Тот, прижав руку к груди, горячечно залепетал:
— Я не хотел! Это они...
Понимающе кивнул головой:
— Понимаю: инициатива и гиперактивность тупых исполнителей — неправильно тебя понявших. Но, сейчас речь не об этом...
Достаю из папки листочек с печатью:
— Возьми, ознакомься с законом.
Пока тот, обдирая глаза об параграфы — пытается включить "соображай", я ему разжевываю и вкладываю в уши:
— Ты чистосердечно каешься, сдаёшь всю контрреволюционную организацию в целом и каждого её члена в частности, даёшь показания на её идейного вдохновителя и указываешь источники финансирования. А правосудие за это, распространяет на тебя "Закон о защите свидетеля"... Про такой тоже ни разу не слышал?
— Нет.
Подсовываю другую "гербовую" бумагу:
— ...Получаешь новые документы на другое имя, чистую биографию, немного "подъёмных" и сваливаешь куда подальше...
Последние сомнения я развеиваю "свёрточком" от Погребинского, полученным в Москве:
— ...Здесь всё вышеперечисленное. Лично я рекомендую Ташкент — там сытно, тепло и, мухи не кусают. Там тебя никто не знает и не достанет. Как устроишься, а здесь всё устаканится — вызовешь семью.

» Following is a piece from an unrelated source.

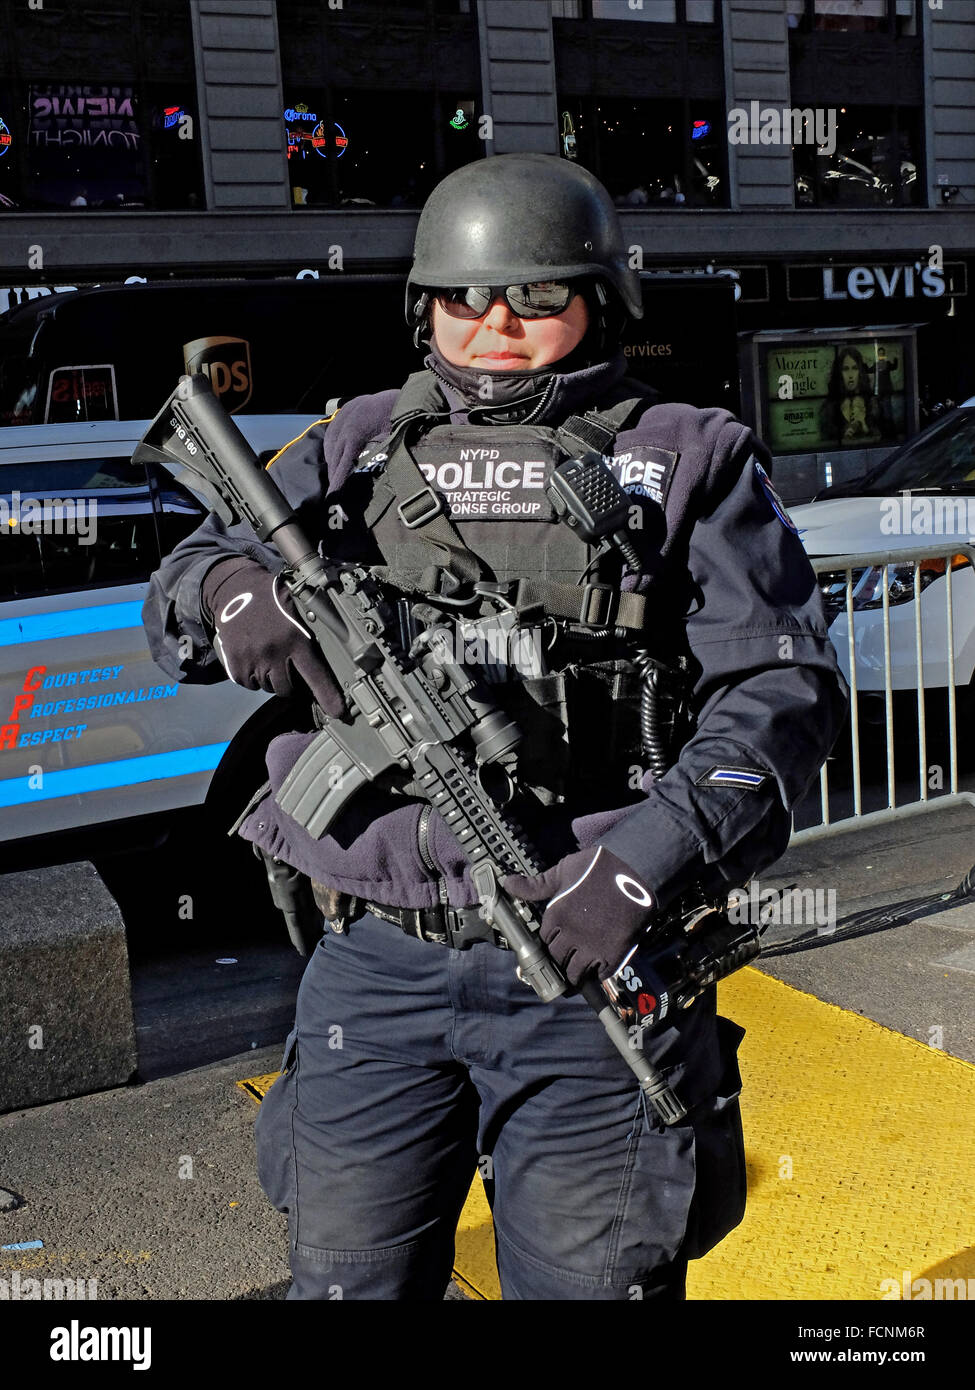 An armed woman New York City Police officer with a machine gun in Times Square, NYC Stock Photo

Единственное, что в этом уроде осталось человеческого — это отличный семьянин, муж и отец двоих детей. Его супруга вот-вот должна родить третьего: видать, этим можно объяснить — но не оправдать захват дома Отца Фёдора.
Решил свить уютное семейное гнёздышко!
Но не мной было сказано: не строй себе счастье на несчастье других...
— Так, что?
Тот, почти радостно:
— А кто "идейный вдохновитель"?
— Погребинский. Он же — "источник финансирования": обкладывает данью частников и кооператоров, создал банду грабящую государственные склады и, на приобретённые таким образом средства — ведёт активную антисоветскую деятельность, готовясь свергнуть народную власть. Так, что?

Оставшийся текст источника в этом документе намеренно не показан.